▶ **Available data**
>>>>>

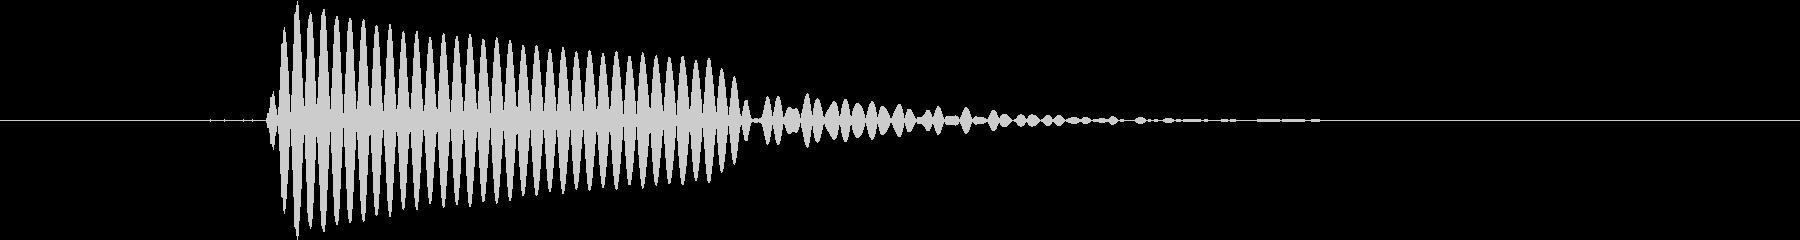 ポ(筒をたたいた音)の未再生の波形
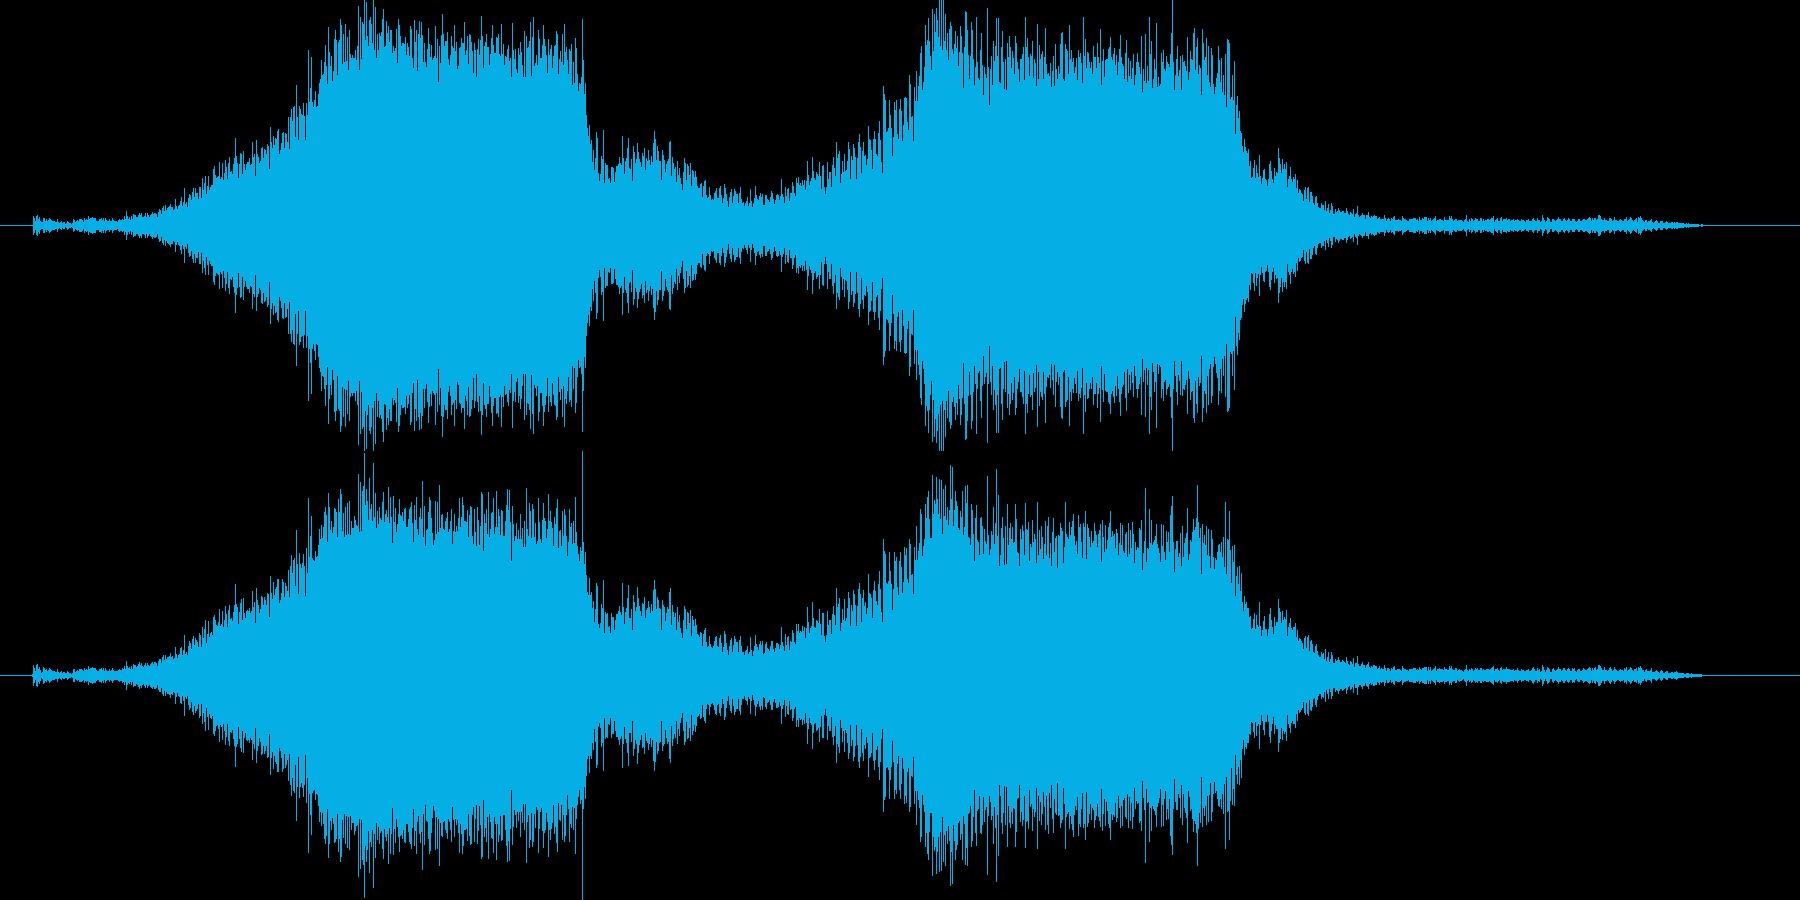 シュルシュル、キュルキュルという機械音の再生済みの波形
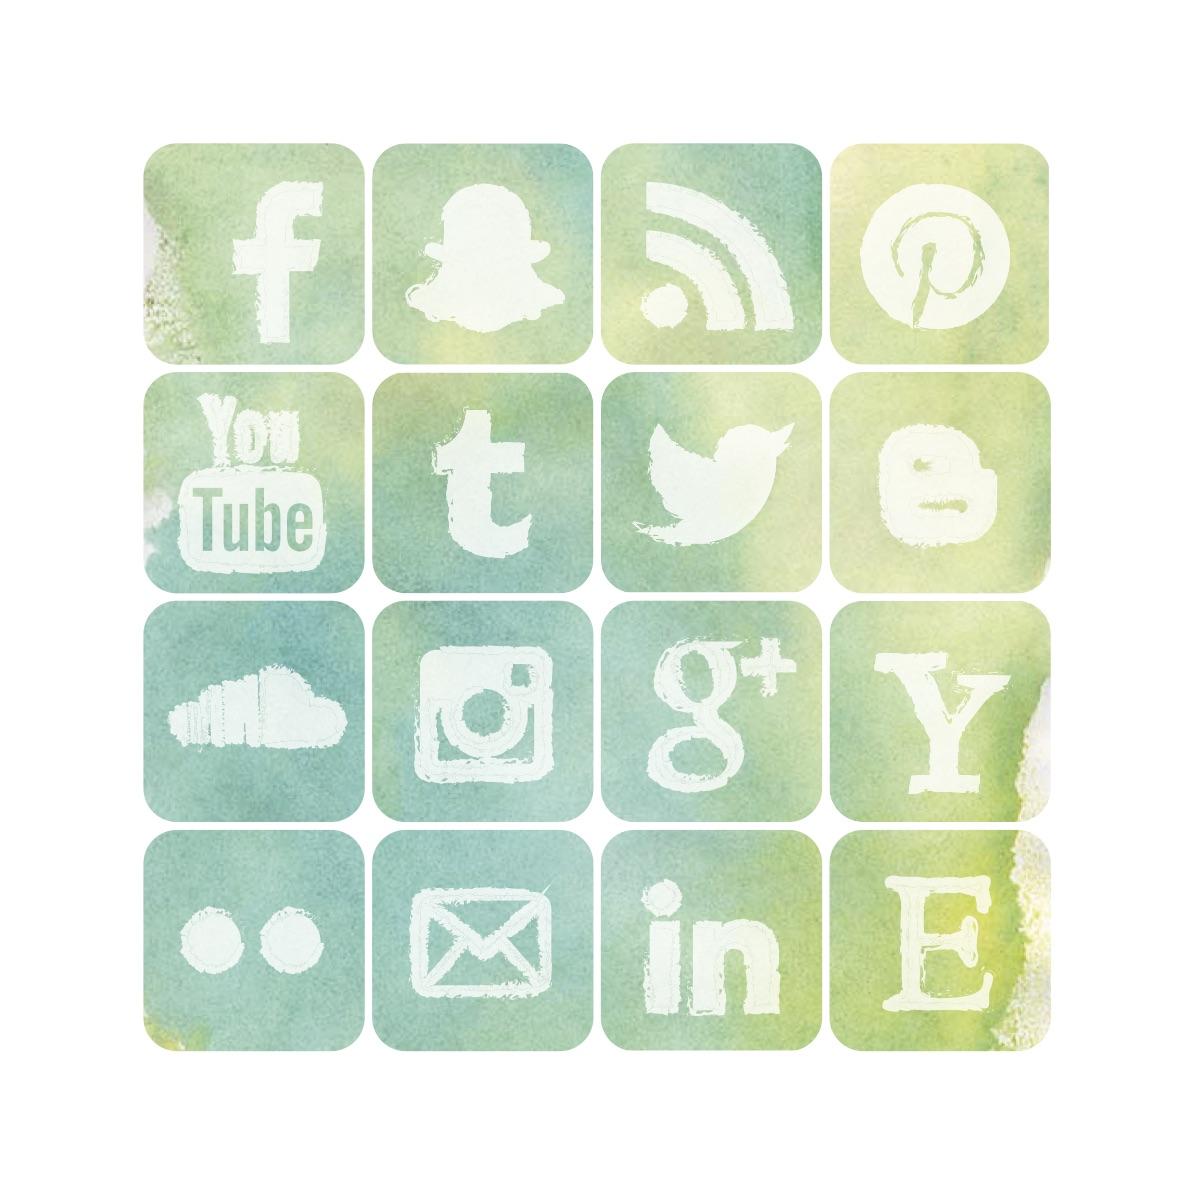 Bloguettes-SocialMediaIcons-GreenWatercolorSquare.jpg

<<<<<

▶ **What you will do**
The data above should be returned in full, exactly as written, apart from its images.

▶ **Response for this exercise**
 ポ(筒をたたいた音)の未再生の波形
 シュルシュル、キュルキュルという機械音の再生済みの波形
 Bloguettes-SocialMediaIcons-GreenWatercolorSquare.jpg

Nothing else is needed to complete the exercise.